Non esagerate: regolate al meglio la temperatura del bagno
Ecco un errore comune che vedo spesso: gli installatori installano dei riscaldatori a raggi infrarossi da 1500 W in bagni molto piccoli. Sembra una buona idea, no? In realtà è sbagliato. Il riscaldatore raggiunge rapidamente la temperatura desiderata, il sensore interviene e l’apparecchio si spegne. Poi si riaccende, ancora e ancora. In questo modo si spreca molta energia e si creano delle zone troppo calde in alcune parti della stanza, mentre le altre rimangono fredde.
È tutto questione di spazio.
Se il vostro bagno è piccolo (meno di 4 m²), non avete davvero bisogno di un riscaldatore potente. Una potenza inferiore è sufficiente per mantenere una temperatura confortevole. Ma se avete un bagno molto grande, allora sì, avrete bisogno di una maggiore potenza… o meglio ancora, di diversi punti di riscaldamento affinché il calore raggiunga ogni angolo della stanza.
Inoltre, bisogna ricordare come funzionano questi dispositivi. I riscaldatori a raggi infrarossi non riscaldano l’aria, ma direttamente gli oggetti e le persone presenti nella stanza. Per questo motivo, è importante scegliere la posizione giusta per l’installazione del dispositivo. Se lo collocate troppo in basso, sentirete troppo caldo; se invece lo collocate troppo in alto, il calore non vi raggiungerà affatto.

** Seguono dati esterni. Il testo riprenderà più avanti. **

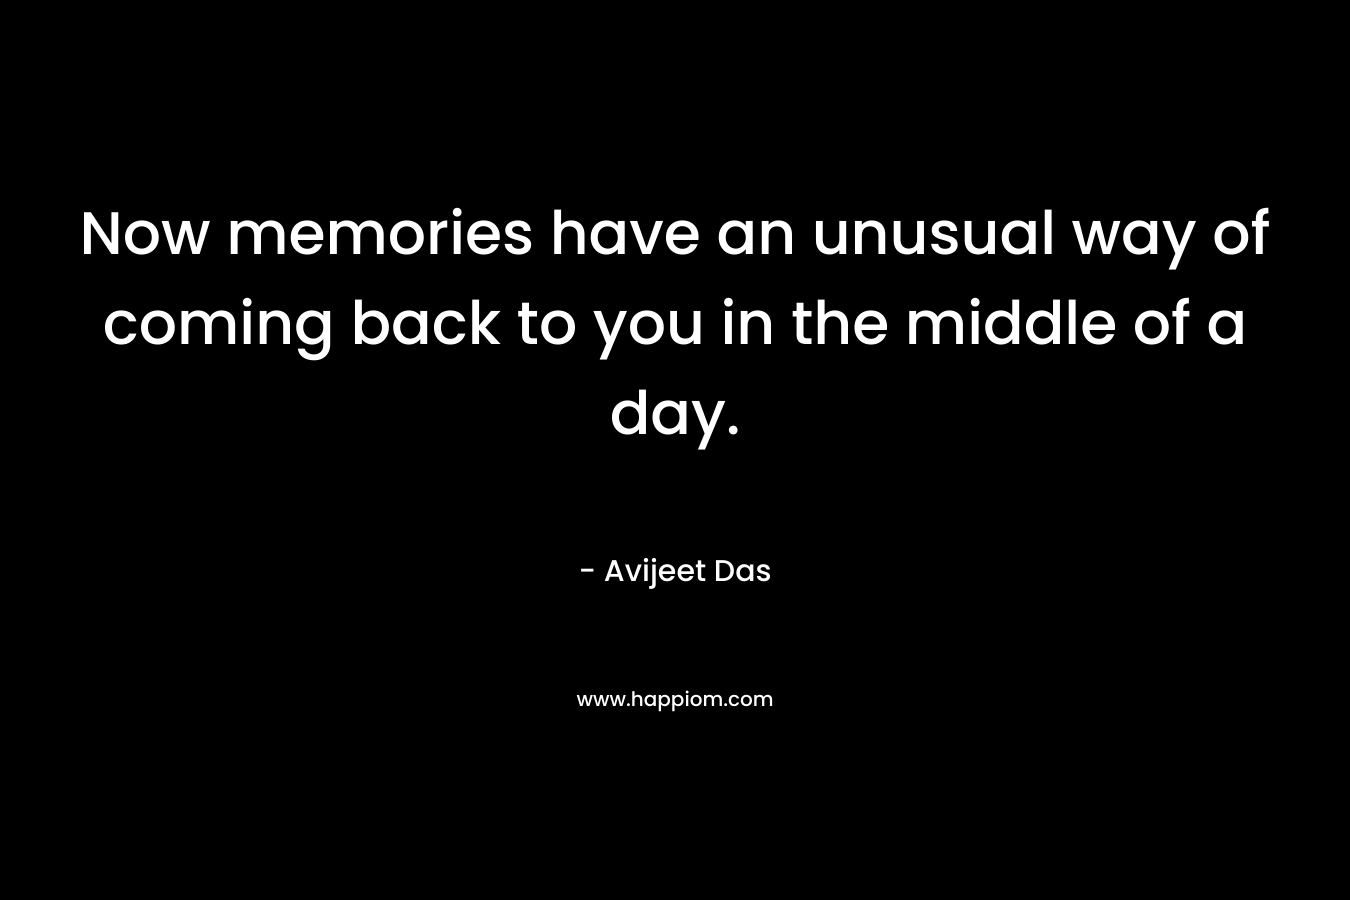 Now memories have an unusual way of coming back to you in the middle of a day. – Avijeet Das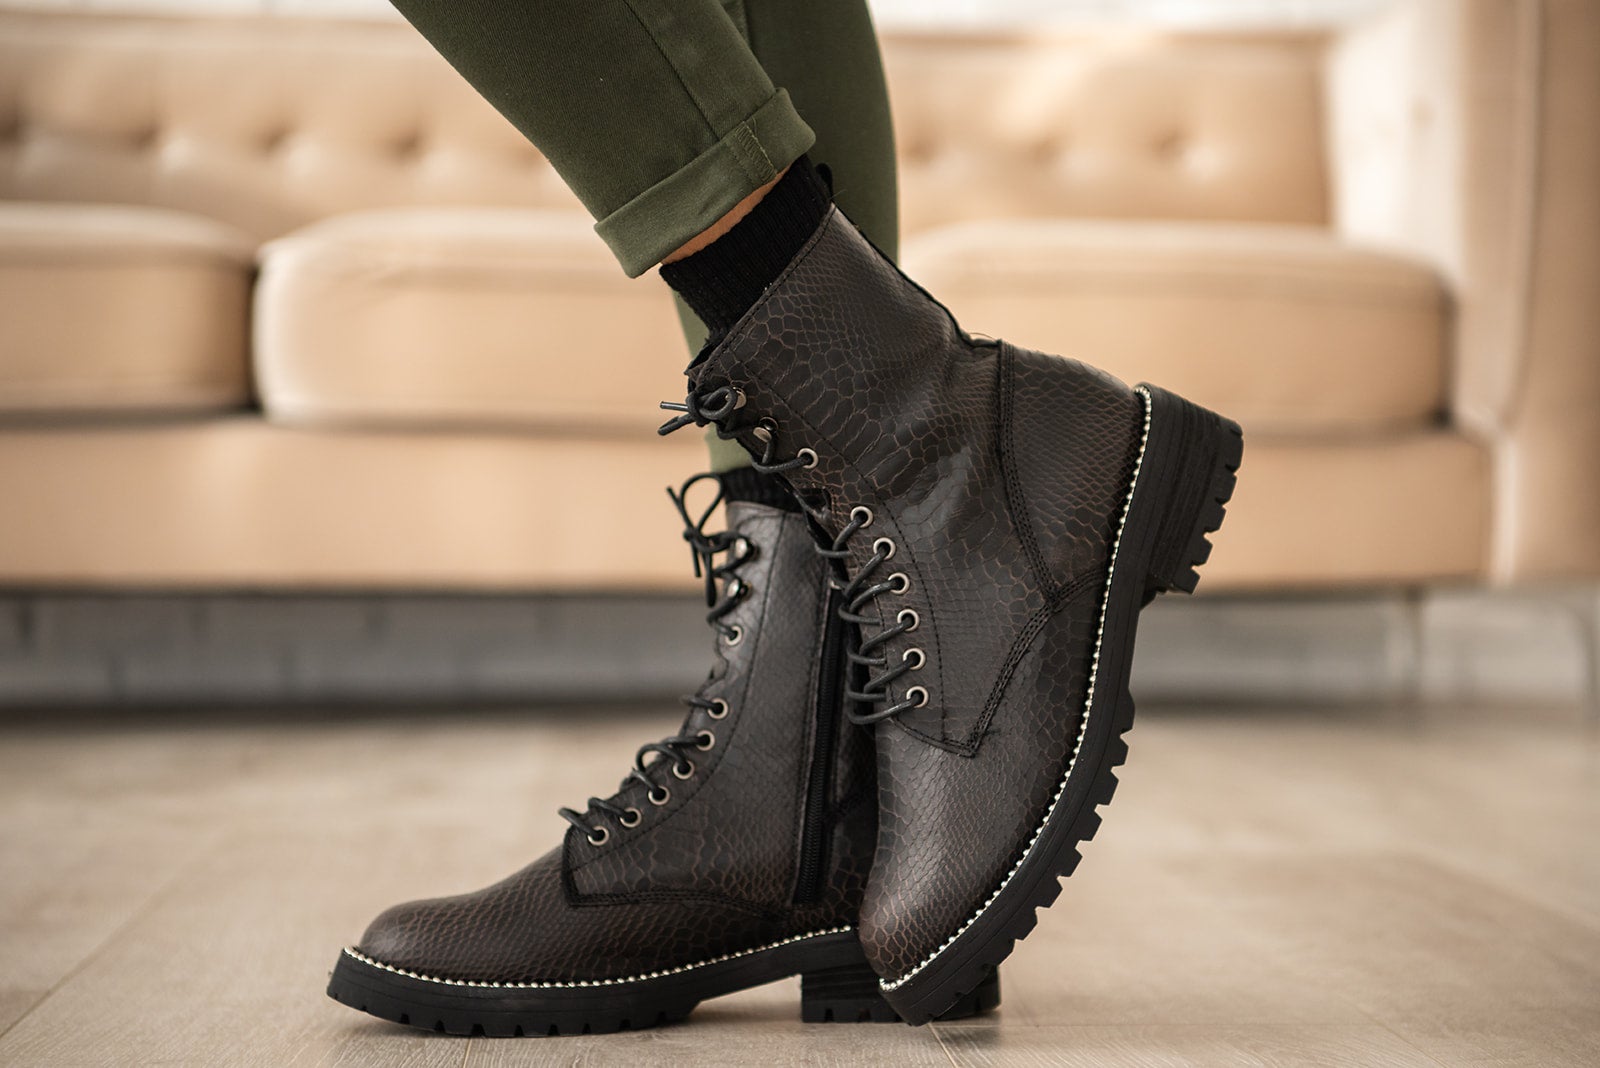 Conquest Snake Print Combat Boot

È necessario trovare quel “punto ideale” in cui potenza e distanza dal pavimento coincidono perfettamente.
Capisco la tentazione di utilizzare dispositivi ad alta potenza: riscaldano velocemente. Ma c’è un problema: i dispositivi ad alta potenza consumano molta energia. Se vivete in una casa vecchia, i cablaggi potrebbero non essere in grado di gestire tale carico. Non vorrete certo far scattare i interruttori ogni volta che fate la doccia.
In questi casi, la soluzione migliore è utilizzare diversi dispositivi più piccoli distribuiti sul soffitto. In questo modo si riduce il carico sul quadro elettrico, e inoltre il calore distribuito è più uniforme. Otterrete così un calore delicato e uniforme, invece di un raggio di calore intenso che vi colpisce direttamente.